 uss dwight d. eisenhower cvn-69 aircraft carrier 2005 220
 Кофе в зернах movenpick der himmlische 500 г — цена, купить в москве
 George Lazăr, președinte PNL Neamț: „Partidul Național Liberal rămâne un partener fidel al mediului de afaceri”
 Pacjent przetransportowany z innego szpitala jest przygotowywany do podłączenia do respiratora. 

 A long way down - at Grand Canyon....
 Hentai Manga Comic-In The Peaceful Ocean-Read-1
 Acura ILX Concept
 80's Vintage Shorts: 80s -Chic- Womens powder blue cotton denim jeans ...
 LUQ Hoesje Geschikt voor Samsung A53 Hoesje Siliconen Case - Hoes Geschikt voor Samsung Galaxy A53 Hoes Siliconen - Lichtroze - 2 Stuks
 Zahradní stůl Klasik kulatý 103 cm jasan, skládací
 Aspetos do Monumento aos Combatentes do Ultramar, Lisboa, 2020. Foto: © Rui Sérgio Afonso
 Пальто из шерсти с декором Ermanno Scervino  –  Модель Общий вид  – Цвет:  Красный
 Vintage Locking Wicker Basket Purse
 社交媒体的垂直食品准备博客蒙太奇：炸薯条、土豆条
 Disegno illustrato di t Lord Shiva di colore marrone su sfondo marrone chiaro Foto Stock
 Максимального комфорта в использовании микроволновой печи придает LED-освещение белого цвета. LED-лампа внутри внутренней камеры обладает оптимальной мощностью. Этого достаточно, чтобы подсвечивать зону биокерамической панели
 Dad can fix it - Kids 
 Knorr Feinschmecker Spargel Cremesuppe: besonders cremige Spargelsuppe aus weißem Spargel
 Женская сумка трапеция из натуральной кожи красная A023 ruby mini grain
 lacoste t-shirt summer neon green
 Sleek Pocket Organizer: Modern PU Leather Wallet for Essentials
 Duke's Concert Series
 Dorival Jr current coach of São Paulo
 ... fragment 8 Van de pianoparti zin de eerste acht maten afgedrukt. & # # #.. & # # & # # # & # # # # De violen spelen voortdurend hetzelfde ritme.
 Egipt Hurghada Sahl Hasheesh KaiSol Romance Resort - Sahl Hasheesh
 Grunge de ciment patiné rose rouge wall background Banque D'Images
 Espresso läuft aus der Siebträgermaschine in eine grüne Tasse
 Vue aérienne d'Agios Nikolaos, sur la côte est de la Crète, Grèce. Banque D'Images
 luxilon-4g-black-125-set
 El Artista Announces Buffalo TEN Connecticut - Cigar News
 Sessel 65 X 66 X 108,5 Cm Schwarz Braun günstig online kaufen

▸ **Directions for this task**
The output should be exactly the lines above from the line containing "lacoste t-shirt summer neon green" to the line containing "Grunge de ciment", inclusive, with no other lines.

▸ **Task response**
 lacoste t-shirt summer neon green
 Sleek Pocket Organizer: Modern PU Leather Wallet for Essentials
 Duke's Concert Series
 Dorival Jr current coach of São Paulo
 ... fragment 8 Van de pianoparti zin de eerste acht maten afgedrukt. & # # #.. & # # & # # # & # # # # De violen spelen voortdurend hetzelfde ritme.
 Egipt Hurghada Sahl Hasheesh KaiSol Romance Resort - Sahl Hasheesh
 Grunge de ciment patiné rose rouge wall background Banque D'Images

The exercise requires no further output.